The science center at Puget Sound includes Thompson and Harned Halls, which also encompass the Brown Family Courtyard, includes many "science on display" elements.
About the Center
Puget Sound's Science Center, comprised of Harned Hall and Thompson Hall, is home to classrooms, laboratories, and equipment for the study of biology, chemistry, environmental science, geology, mathematics, computer science, and physics.
Designed to meet the U.S. Green Building Council’s LEED Silver standards, using sustainable materials and adhering to stringent environmental guidelines, the 51,000-square-foot Harned Hall facilitates the contemporary study of science and encourages creative interaction among faculty and students, particularly at the intersection of various scientific disciplines. A key feature of Harned Hall is Science on Display, a series of physical installations and artistic representations of the principles of science, mathematics, and technology throughout the building. Thompson Hall, built in 1967, was named by the Board of Trustees in honor of the university's tenth president, R. Franklin Thompson.
SCIENCE ON DISPLAY
From the model of a juvenile whale suspended as if midswim that beckons visitors into Harned Hall’s main lobby, to the tile representation of Pi in binary code planned for the third floor of Thompson Hall, the Science Center at Puget Sound serves as a gateway to the worlds of exploration and discovery.

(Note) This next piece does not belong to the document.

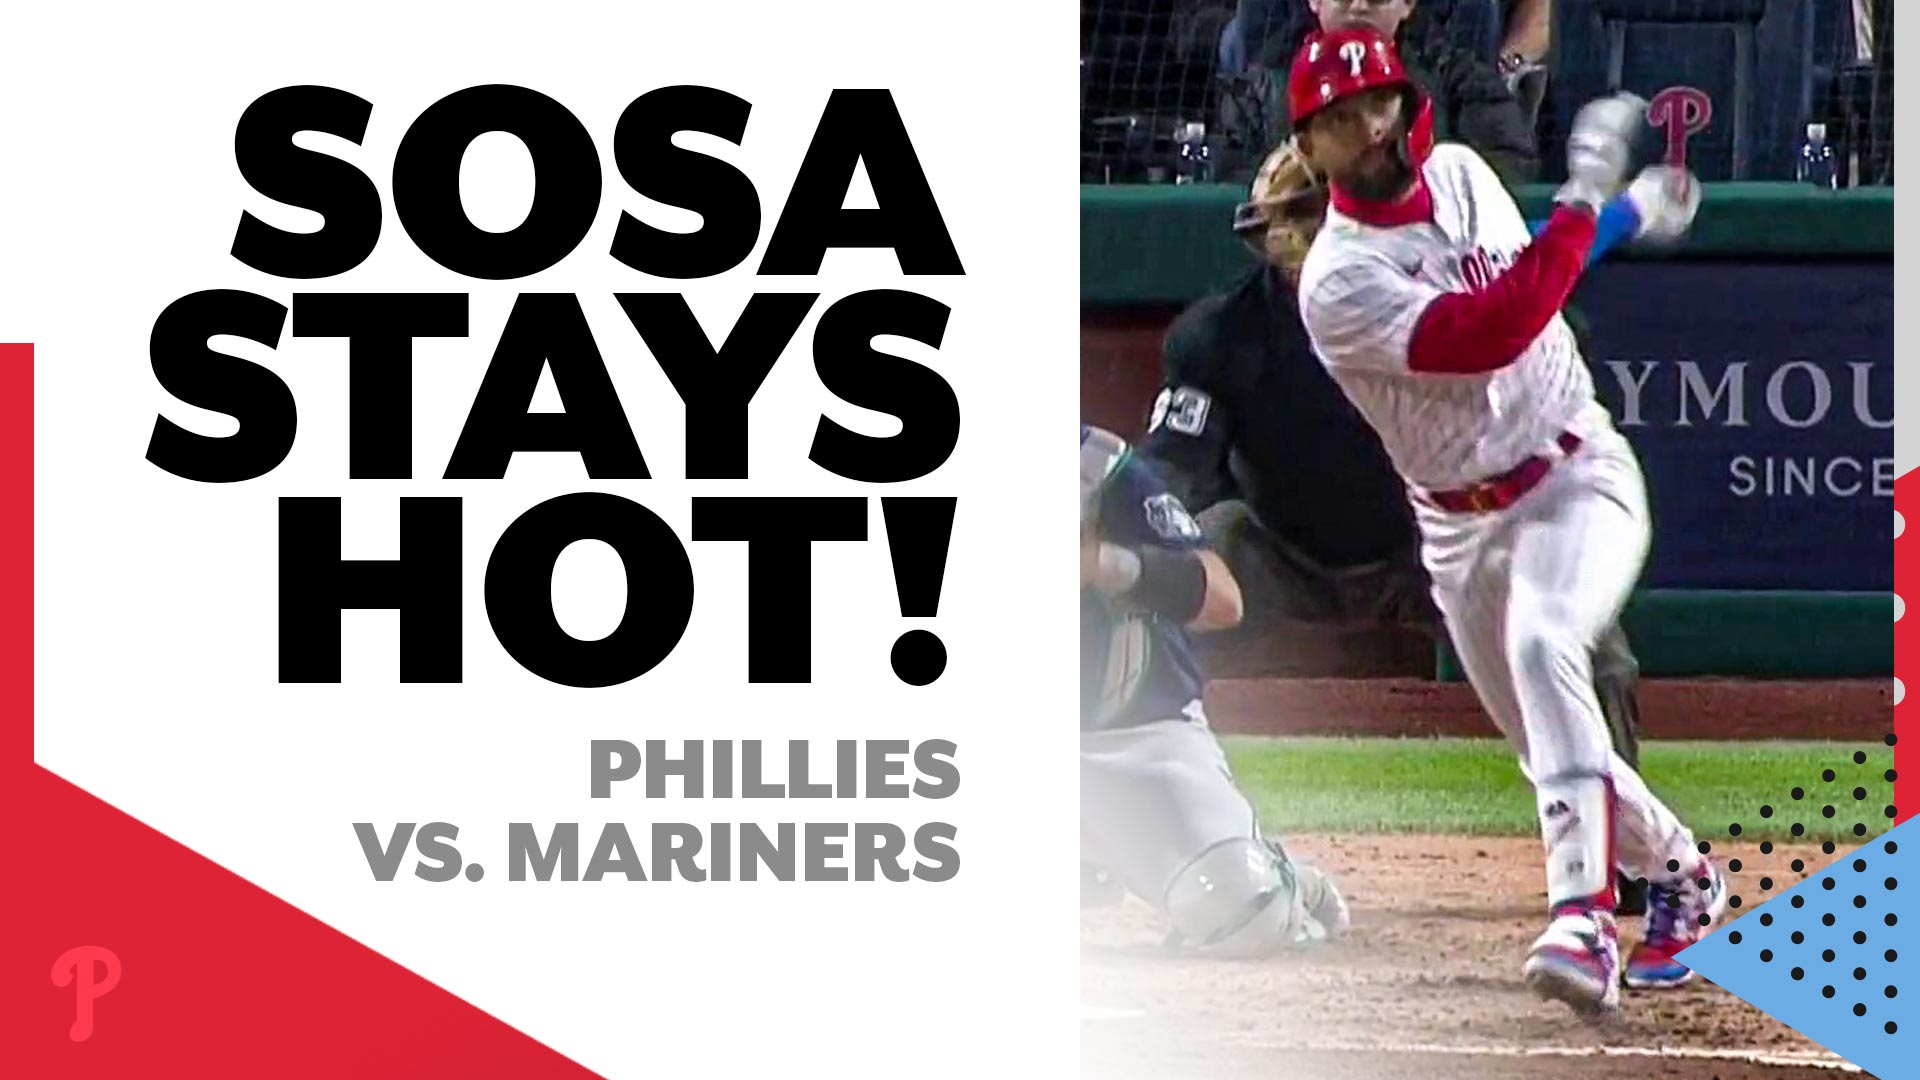 Stay hot, Edmundo Sosa! A no-doubt HR gets the Phillies on the

But “Science on Display” is not just a term to describe skeletons and wall art. It is a philosophy of teaching, learning, and integrating the study of science into the very experience of walking through the building. At every turn, visitors of the Science Center will encounter exhibits, puzzles, and spaces that bring elements of the physical world to life. Here, the study of science is tangible. Each brick in the courtyard demonstrates a mathematical principle. Each decorative mosaic showcases nature’s order. Each artistic rendering of a biological, mechanical, or environmental principle engages the mind and ignites the imagination. We invite you to learn about the science on display at Puget Sound.
Juvenile Gray Whale
In March of 1973, a young male gray whale was found dead near the mouth of the Columbia River near Chinook, Wash. Twenty-seven feet in length and weighing close to six tons, the 14-month-old whale probably died while migrating north from Baja, Calif. The entire skeleton was recovered and donated to the Slater Museum of Natural History to be displayed as part of the museum’s permanent collection and now hangs suspended between the first and second floors of the main lobby of Harned Hall, greeting visitors as majestically as if welcoming them to the depths of the Pacific Ocean.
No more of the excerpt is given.